Existing Fossil Localities. A dataset of 98 Cedar Mountain Formation fossil localities with reliable geospatial locations and containing identifiable bone was provided by the Brigham Young University (BYU) Museum of Paleontology (see Figure 1). Fossil localities were found by BYU staff via ground reconnaissance surveys. They recorded GPS data for each locality using a handheld Garmin Montana 650t GPS receiver set to the WGS84 geographic datum. Horizontal coordinate accuracy was between two and three meters. Data was provided in a digital spreadsheet, which was converted into a point shapefile.
Spatial data regarding fossil localities described in published literature was obtained from the Paleobiology Database (paleobiodb.org). The Paleobiology Database is a non-governmental, non-profit online resource containing paleobiological taxonomic, geospatial, and reference data aggregated by numerous member researchers working from a variety of institutions (Alroy and Uhen, 2013). Geospatial data was available for ten published Cedar Mountain Formation localities (see Figure 1). References describing fossil localities include Bodily (1969), Carpenter et al. (1999), Galton and Jensen (1978), Gilpin et al. (2007), Kirkland et al. (1998), Kirkland and Madsen (2007), McDonald et al. (2010), Santucci and Kirkland (2010), Senter et al. (2012a), and Taylor et al. (2011). Geospatial data does not necessarily come directly from the publications but can be submitted to Paleobiology Database by member researchers.

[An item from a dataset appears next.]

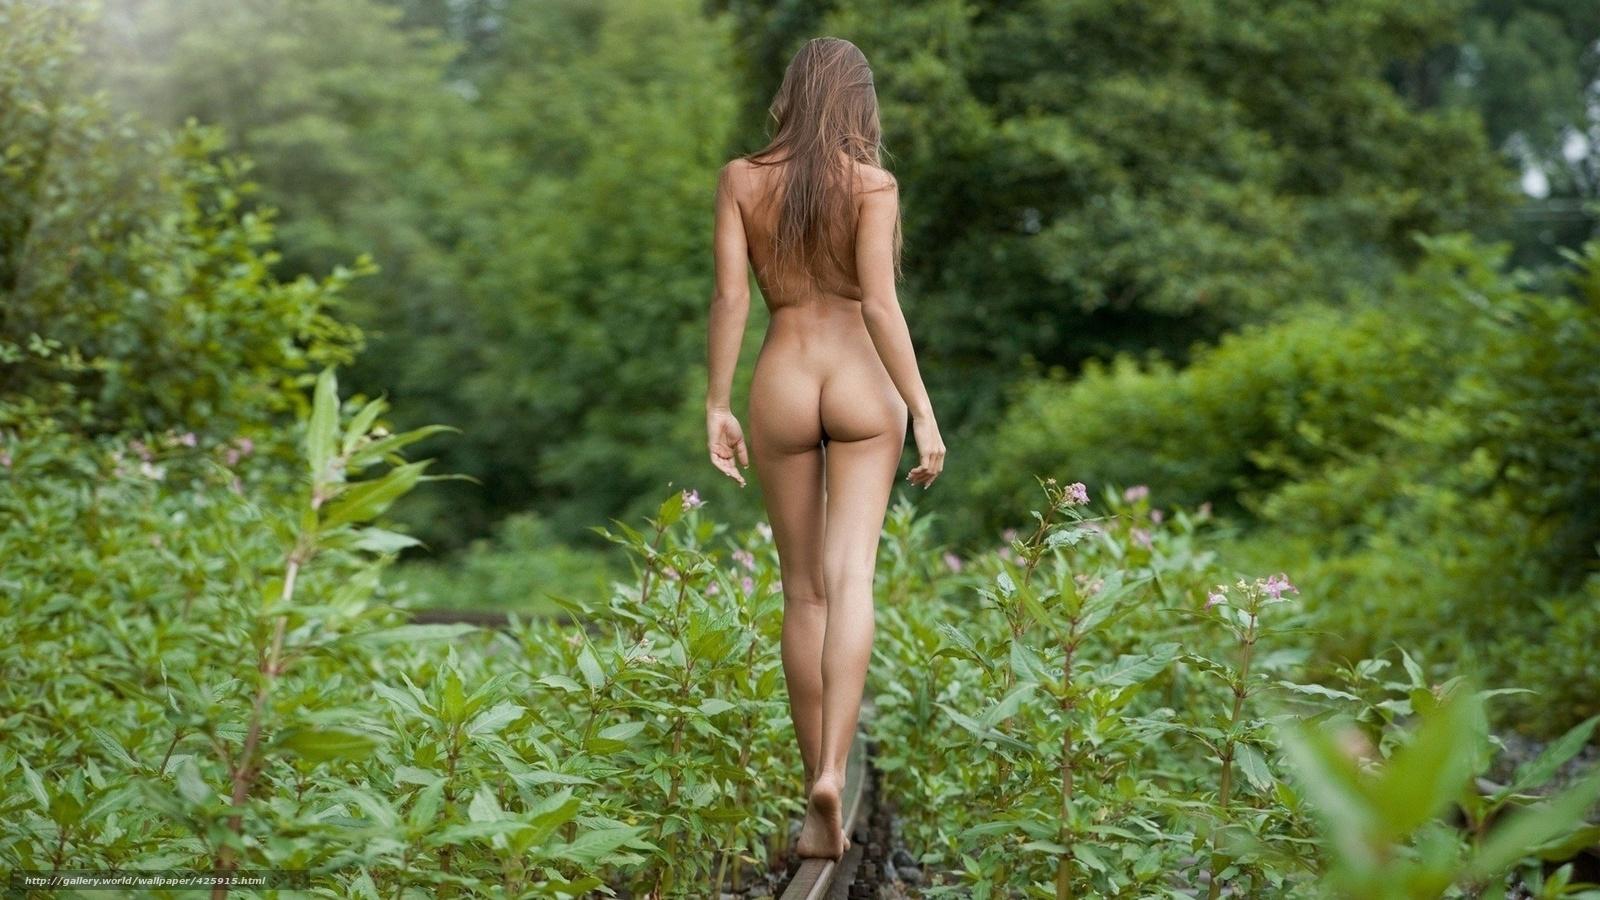 krasivie-eroticheskie-foto-na-prirode

Digital Elevation Model (DEM). Auto-correlated 5-meter resolution DEM data were obtained for the field area from the Utah Automated Geographic Reference Center (gis.utah.gov/data). The data was created from aerial photography collected during the 2006 National Agriculture Imagery Program. It is of a finer resolution but contains anomalies not seen in datasets developed by other methods such as LiDAR, photogrammetry, or radar (Kelson, 2007). The DEM data is available in 20,000 by 20,000 meter blocks across the entire state of Utah as ASCII files. Ten individual adjacent ASCII files were needed to cover the entire field area. The ASCII datasets were converted to Esri GRIDs, then combined into a single raster mosaic in a file geodatabase (see Figure 1). Slope and aspect data for the Cedar Mountain Formation were extracted from the DEM (see Figure 3).
Overview. Statistics regarding spectral reflectance for the BYU fossil localities and the Cedar Mountain Formation were summarized, and differences of means were compared. A weighted suitability analysis using differences of means was conducted to determine fossil locality potential for the Cedar Mountain Formation. The model was field tested, and observations were made regarding model functionality. Field observations were used to revise the model. Model results were compared to published fossil localities. Slope and aspect data were combined with additional observations to further refine the model. Figure 4 illustrates a simplified flowchart of the methodology.

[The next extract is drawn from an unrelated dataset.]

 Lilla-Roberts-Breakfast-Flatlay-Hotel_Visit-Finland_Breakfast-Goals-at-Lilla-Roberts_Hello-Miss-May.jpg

Summary of Fossil Locality Spectral Reflectance. The spectral reflectances of the BYU fossil localities were summarized to establish the spectral signature of fossil localities (see Table 1). The spectral reflectances of the entire Cedar Mountain Formation as mapped by Doelling (2002) were also summarized for comparison to the fossil localities (see Table 2).

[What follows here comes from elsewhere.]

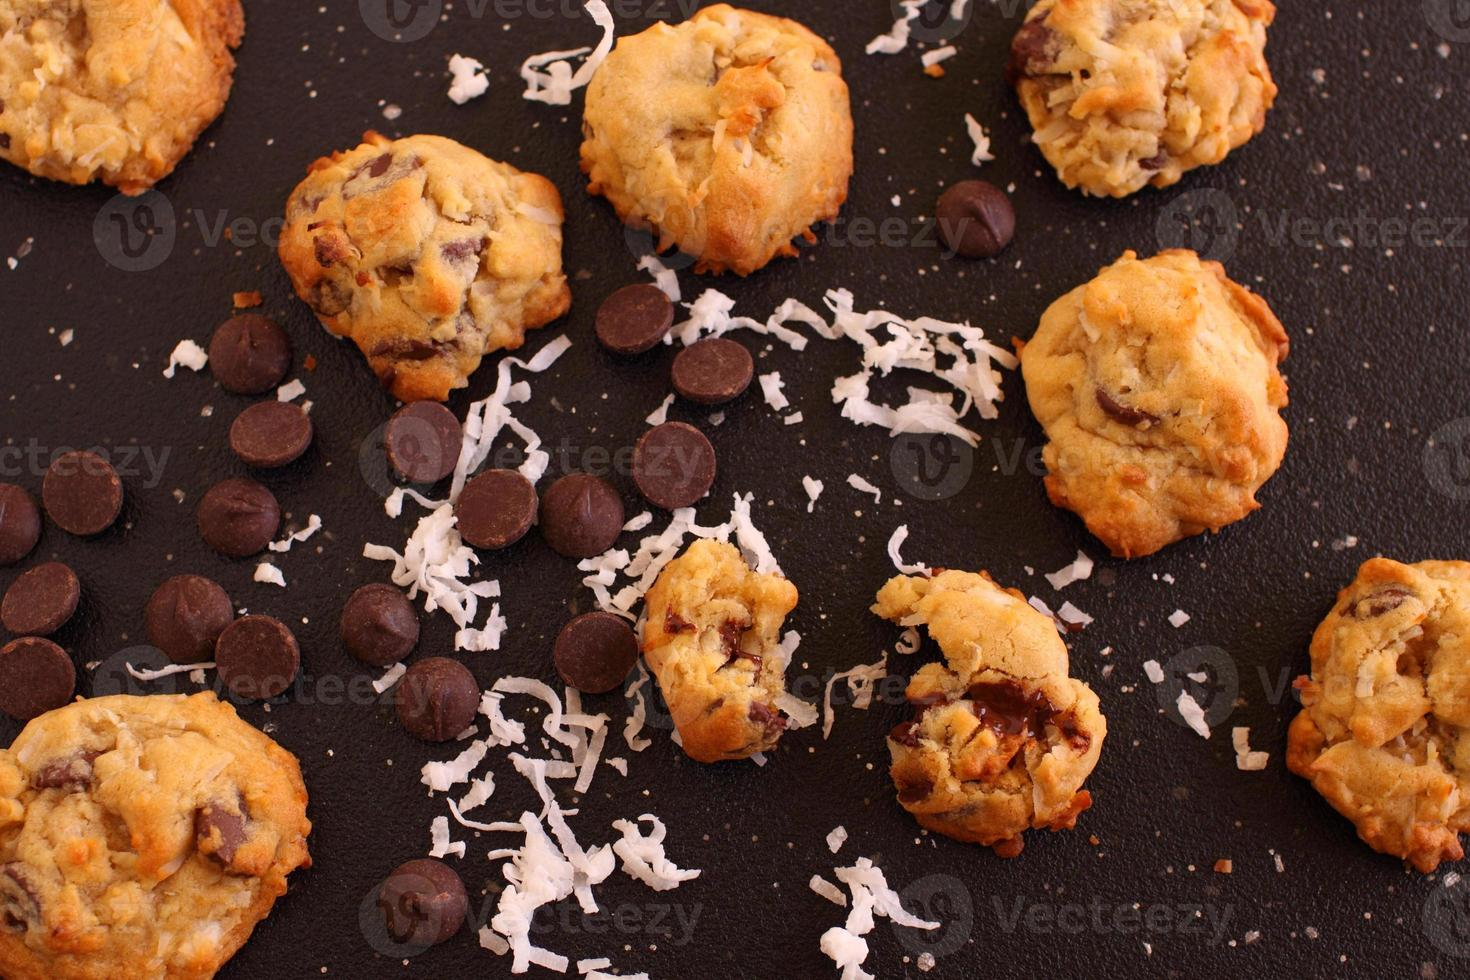 dunkle Schokoladenkekse und Kokosnusskekse foto

These summaries were used to identify which OLI/TIRS bands have narrower spectral signatures at known fossil localities when compared to the spectral signatures of the entire Cedar Mountain Formation. Figure 5 shows the difference of means from values in Table 1 and Table 2. The difference of means for each band is calculated by subtracting the mean of the localities (X1) from the mean of the entire Cedar Mountain Formation (X2). A low difference of means indicates that there is little difference in spectral signature between the localities and the background whereas a high difference of means indicates a greater difference in spectral signature. Bands with higher difference of means suggest greater utility for subsequent analysis.
Bands 8 and 9 were removed from subsequent analysis. Band 8 is the panchromatic band, which detects wavelengths that span bands 2-4, the visible light bands. It is usually reserved for pansharpening, a process which increases visual resolution in these bands for production of higher quality images. Band 9 is primarily used for detection of cloud cover. This study is not concerned with cloud cover, and the OLI/TIRS imagery was specifically chosen for its lack thereof.
Weighted Suitability Analysis. The nine remaining OLI/TIRS bands were reclassified for the weighted suitability analysis. The analysis mask was set to the extent of the Cedar Mountain Formation to exclude areas outside its mapped extent. Values outside the range present in the localities were given a reclassified value of one and values inside the range present in the localities were given a reclassified value of five. Table 3 shows the reclassified values for each band. Weights were assigned by comparing the difference of means of each band to the sum of the differences of means of the nine remaining bands. A percentage of how much influence each band had on the sum of the differences of means was used to determine its weight in the suitability analysis. Table 4 contains the weights given to each band. Figure 6 contains the results of the weighted suitability analysis. The reclassified cell values of each band were multiplied by the corresponding weight, then summed to produce the suitability analysis results. Each cell was given a Fossil Locality Potential (FLP) between 1 (Low Potential) and 5 (High Potential).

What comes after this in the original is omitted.